Menurut Van Bemmelen (1949), Pegunungan
Kendeng dibagi menjadi 3 bagian, yaitu bagian barat yang terletak di antara
G.Ungaran dan Solo (utara Ngawi), bagian tengah yang membentang hingga Jombang
dan bagian timur mulai dari timur Jombang hingga Delta Sungai Brantas dan
menerus ke Teluk Madura. Daerah penelitian termasuk dalam Zona Kendeng bagian
barat.
Stratigrafi
Menurut Harsono P. (1983) Stratigrafi daerah kendeng
terbagi menjadi dua cekungan pengendapan, yaitu Cekungan Rembang (Rembang Bed)
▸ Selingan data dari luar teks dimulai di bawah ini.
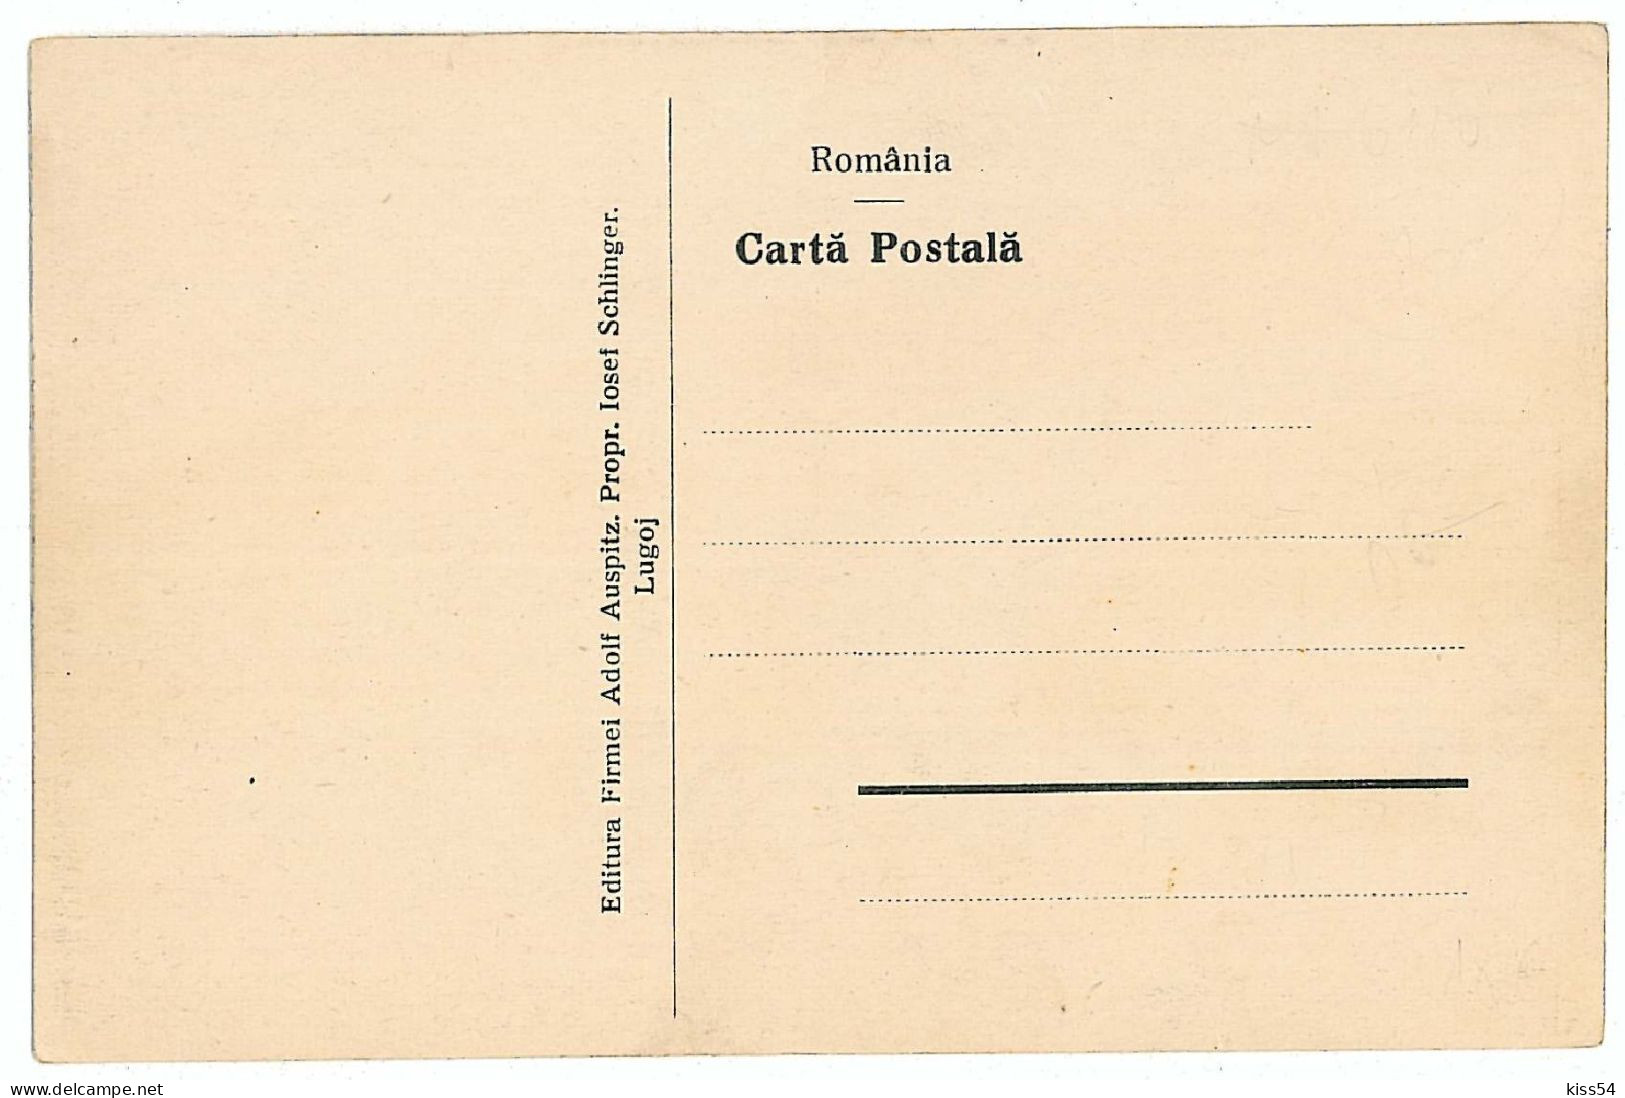 RO 86 - 705 LUGOJ, Timis, Romania, Hall, Boutiques, Stalls - Old Postcard - Unused - Romania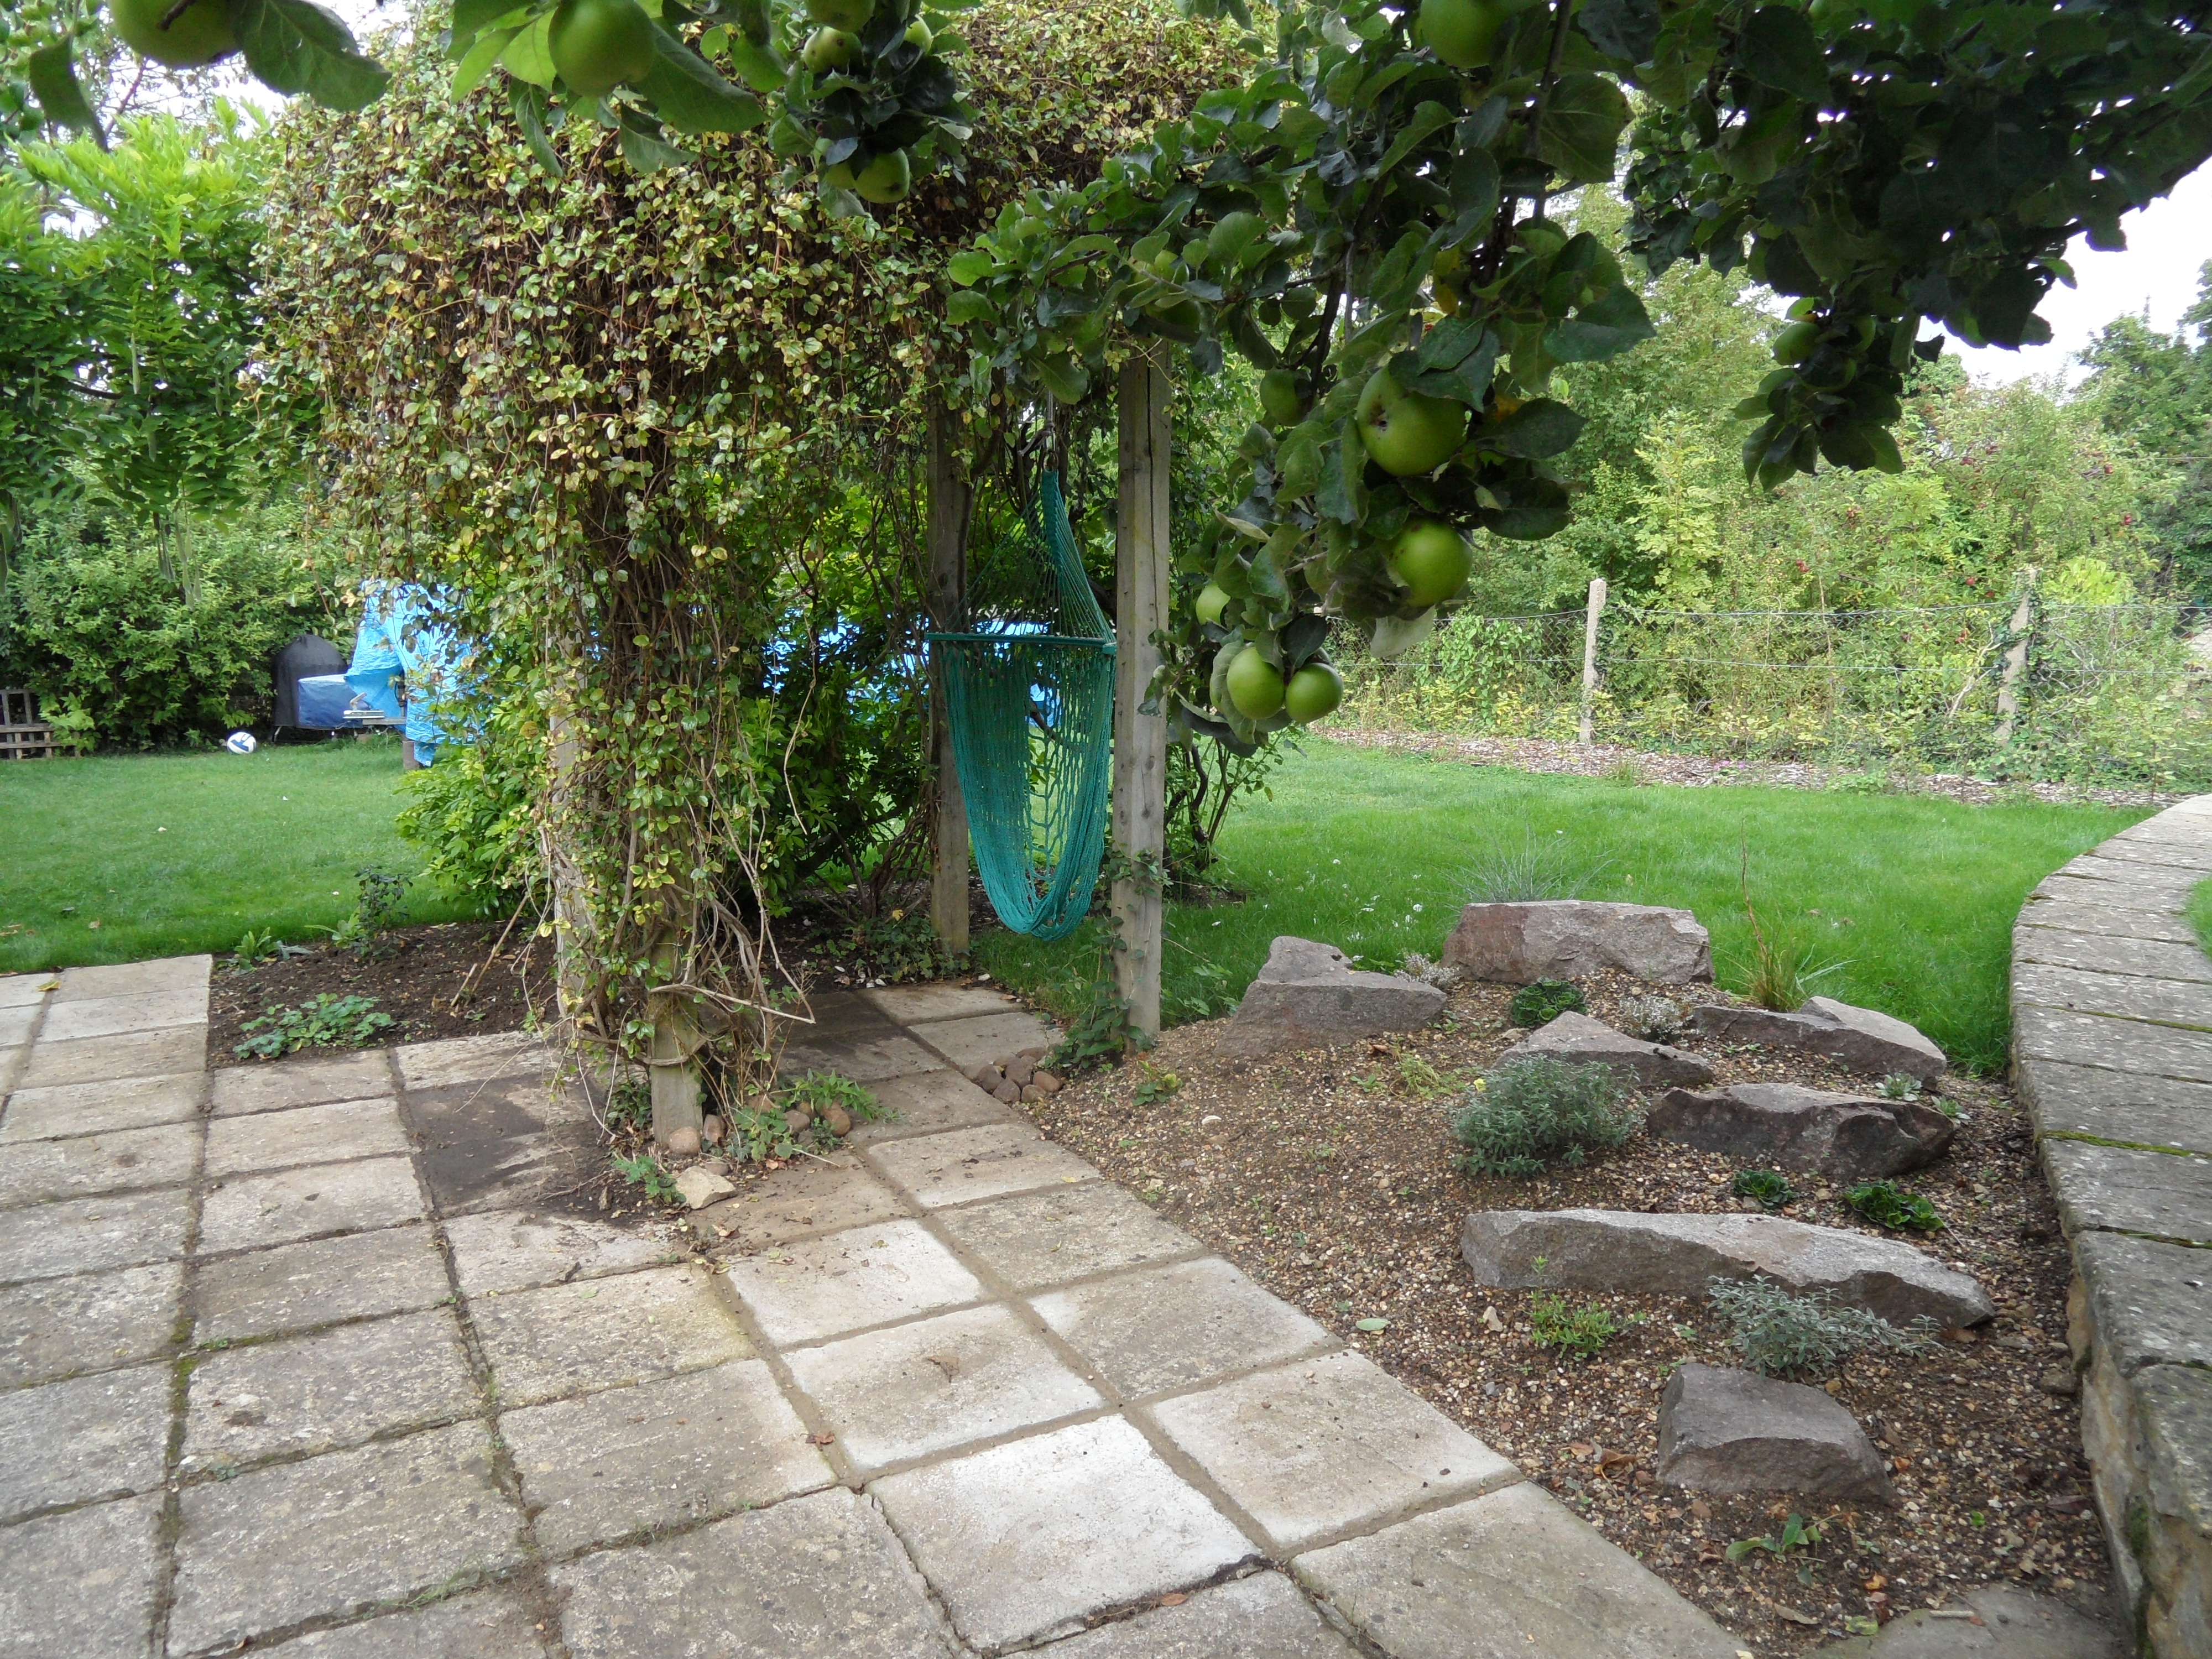  garden design bedfordshire

yang membentuk Pegunungan Kapur Utara, dan Cekungan Kendeng (Kendeng Bed) yang
membentuk Pegunungan Kendeng. Formasi yang ada di Kendeng adalah sebagi
berikut:
1. Formasi Kerek Formasi ini mempunyai ciri khas berupa perselingan
antara lempung, napal lempungan, napal, batupasir tufaan gampingan dan
batupasir tufaan. Perulangan ini menunjukkan struktur sedimen yang khas yaitu
perlapisan bersusun (graded bedding) yang mencirikan gejala flysch. Berdasarkan
fosil foraminifera planktonik dan bentoniknya, formasi ini terbentuk pada
Miosen Awal – Miosen Akhir ( N10 – N18 ) pada lingkungan shelf. Ketebalan
formasi ini bervariasi antara 1000 – 3000 meter. Di daerah Lokasi Tipe, formasi
ini terbagi menjadi 3 anggota (de Genevreye & Samuel, 1972), dari tua ke
muda masing-masing :
A. Anggota Banyuurip Tersusun oleh perselingan antara
napal lempungan, napal, lempung dengan batupasir tuf gampingan dan batupasir
tufaan dengan total ketebalan 270 meter. Pada bagian tengah perselingan ini dijumpai
batupasir gampingan dan tufaan setebal 5 meter, sedangkan bagian atas ditandai
oleh adanya perlapisan kalkarenit pasiran setebal 5 meter dengan sisipan tipis
dari tuf halus. Anggota ini berumur N10 – N15 (Miosen Tengah bagian tengah –
atas).
B. Anggota Sentul Tersusun oleh perulangan yang hampir sama dengan
Anggota Banyuurip, tetapi lapisan yang bertufa menjadi lebih tebal. Ketebalan
seluruh anggota ini mencapai 500 meter. Anggota Sentul diperkirakan berumur N16
(Miosen Tengah bagian bawah).
C. Batugamping Kerek Anggota teratas dari Formasi
Kerek ini tersusun oleh perselang-selingan antara batugamping tufan dengan
perlapisan lempung dan tuf. Ketebalan dari anggota ini adalah 150 meter. Umur
dari Batugamping Kerek ini adalah N17 (Miosen Atas bagian tengah).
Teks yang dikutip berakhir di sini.